A Beautiful Friendship
by David Weber

cover for A Beautifl Friendship by David Weber
Hardcover 2011
Baen Books
www.almadenbooks.com
ISBN: 978-1-4516-3747-2

Rating: 5 paws (out of 5)

five poly paws on trans background

David Weber is an exceptionally well-known writer among those who read science fiction, most particularly for his military science fiction series featuring Honor Harrington. The series spans Honor’s career in the Royal Manticoran Navy from midshipman to Grand Duchess and Admiral. And wherever Honor went, she was accompanied by her treecat, Nimitz, usually riding on her specially-padded shoulder.

Honor was born on Sphinx, a planet in the Star Kingdom of Manticore–a world settled by colonists from Earth. Treecats were the native sentient species on Sphinx, six-legged, telepathic, and looking something like domestic cats with very long prehensile tails. Treecats and humans sometimes formed an empathic lifelong bond.

A Beautiful Friendship is the story of Stephanie Harrington, one of Honor’s ancestors, and the colonist who made first contact with the treecats. This is a coming-of-age story, showing interactions between human and treecat even as Stephanie is growing up and trying to figure out what to do with herself and her future. It’s a colonization story, set on a pioneer planet that still holds many dangers, with people exploring and learning about their new home. And it’s also a classic “first-contact” story, handling the complicated twists and turns that occur when the colonists realize that they share the planet with another sentient species–and that species was there first!

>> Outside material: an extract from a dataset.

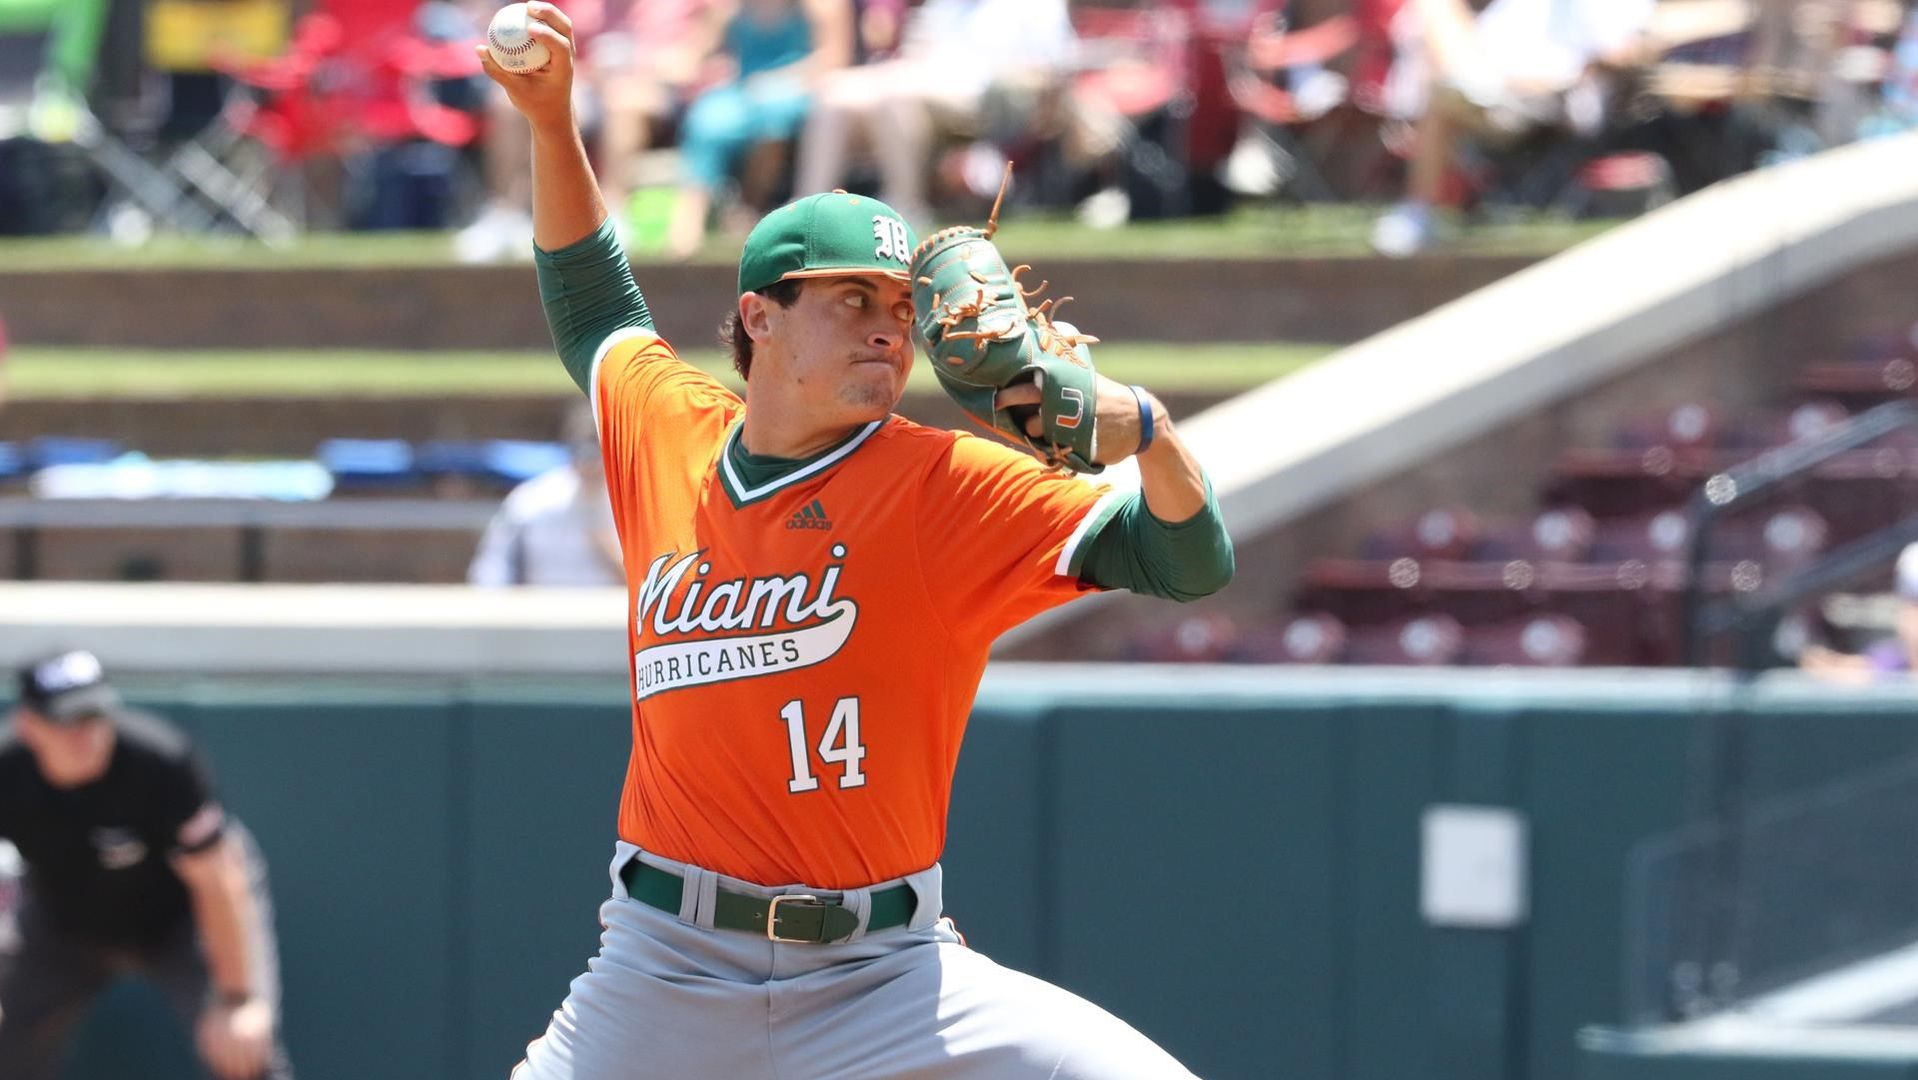 Canes Stay Alive in Starkville with 12-2 Win

Most of the story is told from Stephanie’s point of view–this is her story, make no mistake. Occasional scenes and chapters fill in gaps using some of the adults as viewpoint characters where absolutely necessary to the plot. The other main viewpoint character is Lionheart, Stephanie’s treecat, or as he is referred to by his clan, Climbs Quickly. The chapters from his point of view, explaining treecat society and motivations is a real treat. The treecats find “two-legs” very confusing. For those familiar with Carole Nelson Douglas’s Midnight Louie mysteries, these chapters are a similar read to those from Louie’s viewpoint (a Las Vegas private eye with four black paws–see here for a review of Midnight Louie’s latest).

While Stephanie is an exceptionally bright girl, she is also quick-to-anger, and fiercely protective of those she loves. When she is in trouble, she looks for a logical solution to the problem, and really tries to think outside the box. But sometimes there isn’t an easy or quick solution, and she ended up frustrated, but that made the book a more satisfying read as she worked her way through more complex and layered problems.

I particularly enjoyed the insight into treecat society and their description of human activities–“Why should they need a nest place so large?” I also enjoyed the brief forays into the economics of colonization, and the concept of aided immigration: paying for your passage to the colony and earning the right to vote sooner versus having the government cover your passage and then paying taxes for several years before you voted in planetary elections.

While clearly aimed at and marketed as a young adult book, A Beautiful Friendship is suitable for people of all ages, most especially those who have shared a special relationship with a feline at some point in their lives.

A Beautiful Friendship is based on a short story of the same title, which appeared in the anthologies More Than Honor and Worlds of Weber.